LOCAL

Miami Cubans pray for freedom on the island

Maryann Batlle
maryann.batlle@naplesnews.com; 239-263-4790
Attendees celebrate Mass at Ermita de la Caridad in Miami on Sunday, Nov. 27, 2016.

MIAMI — Away from the raucous street parties of Little Havana — where the noise of banging pots and pans were the baselines for protest chants — Ermita de la Caridad’s round sanctuary reverberated with prayer and acoustic songs of worship.

But the priest at "Shrine of Our Lady Charity" made no mention of former Cuban dictator Fidel Castro's death during that first Mass on Sunday morning.

It irked Lourdes Figueroa, an American Catholic whose parents are Cuban. She had gone to the iconic church expecting more of a statement from the clergy.

"It hurt," said Figueroa, who wore a Cuba-shaped pin under a U.S. flag pin on her sweater. "It was humiliating."

A reading is performed during Mass at Ermita de la Caridad in Miami on Sunday, Nov. 27, 2016.

Cubans flocked to La Ermita church for comfort Sunday. About 300 or so people attended the 10 a.m. Mass there.

The exile community knows La Ermita as a place where Cubans can turn in joy and sorrow.

The church is steeped in Cuban culture. It is named after the country's patroness saint, Caridad, another title for the Virgin Mary.

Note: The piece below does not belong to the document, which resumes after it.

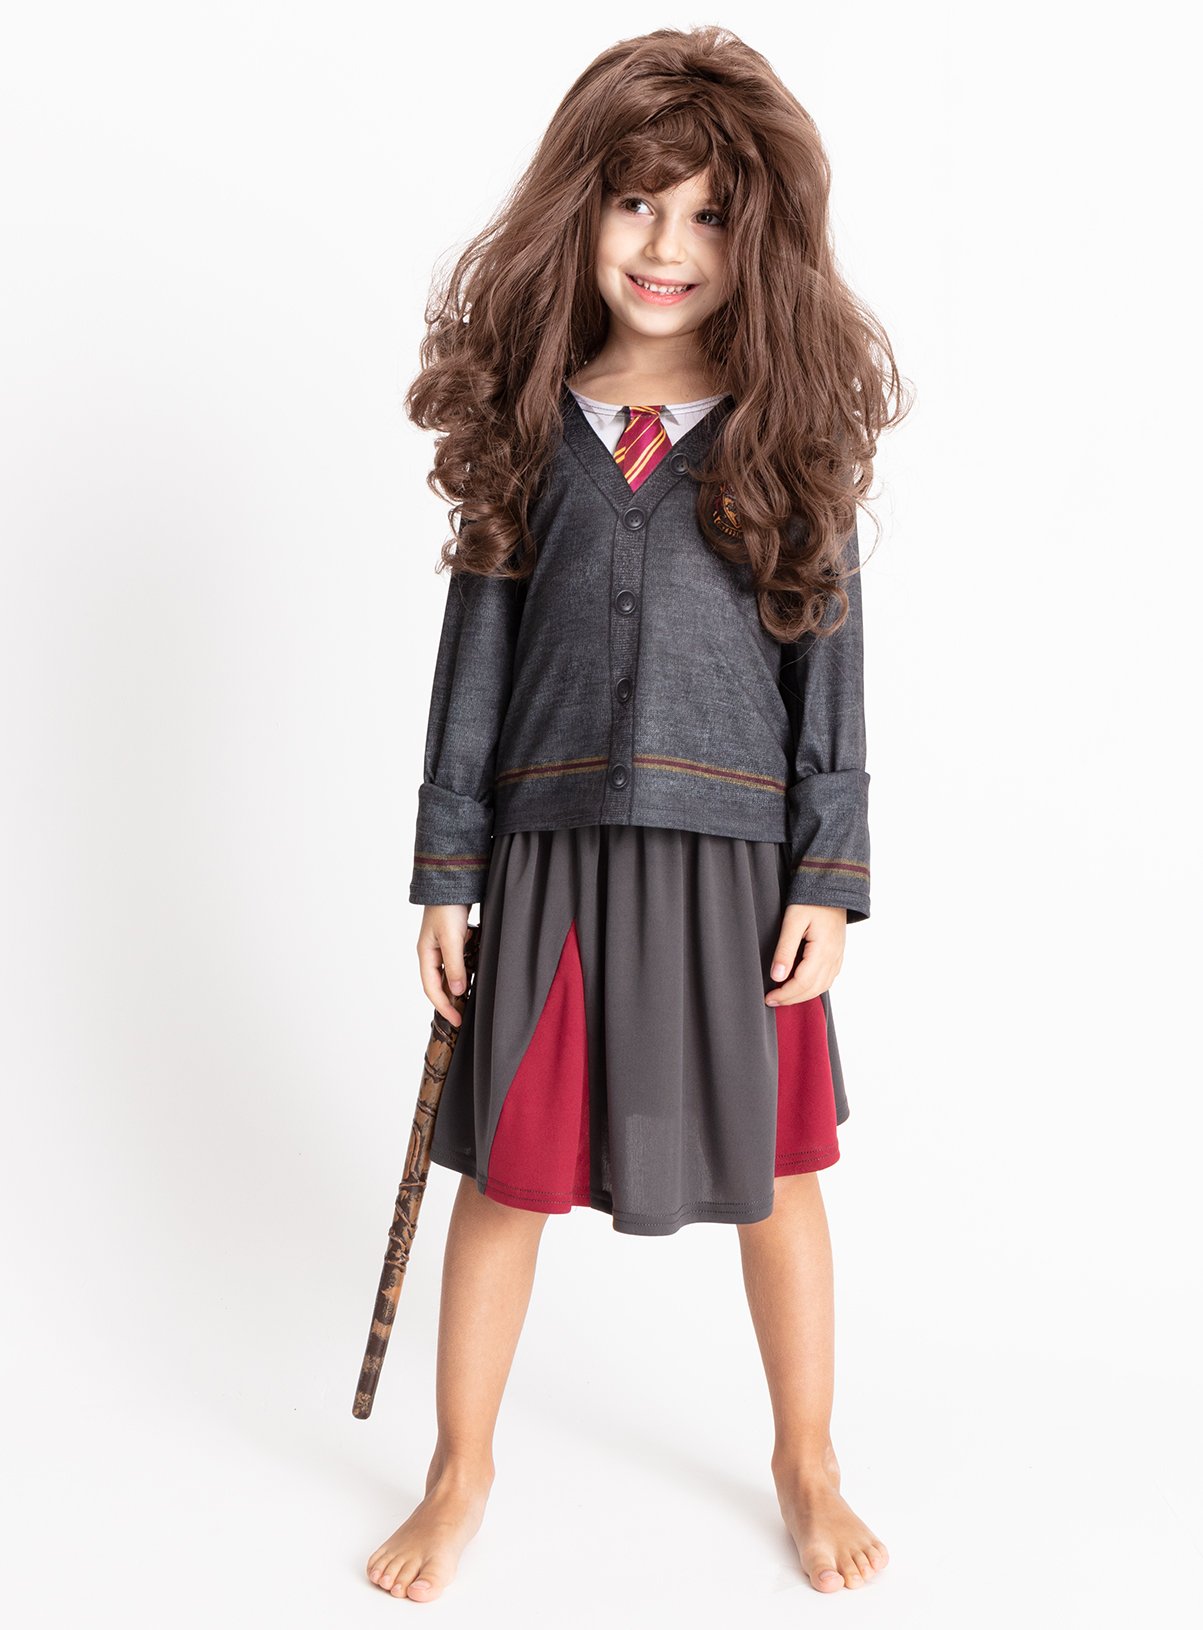 Buy Harry Potter Hermione Costume - 5-6

Exiles have supported the church in the decades after Castro's 1959 revolution. The building is home to a well-known mural of Cuban history that stands behind the altar.

Visitors bring flowers to the church as an offering to the Virgin Mary or to honor people who have died. Refugees who survive crossing the Florida Straits by raft visit the bayside church as a thank you.

Mary Valledor, of Miami, makes an offering of flowers during Mass at Ermita de la Caridad in Miami on Sunday, Nov. 27, 2016.

Silvia M. Garrigo, one of Figueroa's companions at Mass, said Cubans should step outside institutions, even the church, and pray for unity between those who live on the island and those who left it.

After Castro became Cuba's leader, his regime divided those sets of Cubans through propaganda, Garrigo said.

Everyone should work to find ways of healing Castro's fabricated rifts, she said.

"The powers that be in the political realm are not capable of truth. Their system of governing and oppression is based on nontruth. So reconciliation with the government is a fantasy," Garrigo said. "There is no one other, in my mind, that hates Cubans and hates Cuba more than the Castros."

Diana Pacheco Vega, of Miami, sings during Mass at Ermita de la Caridad in Miami on Sunday, Nov. 27, 2016.

Outside, William Rodriguez had parked his van at Shrine of Our Lady Charity to seek just that — some charity.

Rodriguez, 50, has diabetes. Doctors managed to save his foot after a bout of gangrene, he said, but they cut off a toe. His elbows are covered in scabs.

He went to the church to ask for food and gas money. Although his parents fled communist Cuba, in part, to avoid economic hardship, Rodriguez said he has lived in his van for at least two years.

So while Castro’s death sparked waves of celebrations among exiles in Miami, Rodriguez doubted anything would soon change — for him or the island.

He still will be homeless. And the people of Cuba still will be under the rule of the Castro family, Rodriguez said.

"I'm pretty much hurting like the Cubans are hurting, even though I'm in America," Rodriguez said.

Rodriguez said he considers himself a man of faith in God — he became a born-again Christian about a decade ago — but he has little hope that Cuba will ever be the place of the exile community's dreams.

Cubans in the United States might never live on that island again, even after every Castro is gone, he said.

"It hasn't looked good for many years."

An attendee celebrates Mass at Ermita de la Caridad in Miami on Sunday, Nov. 27, 2016.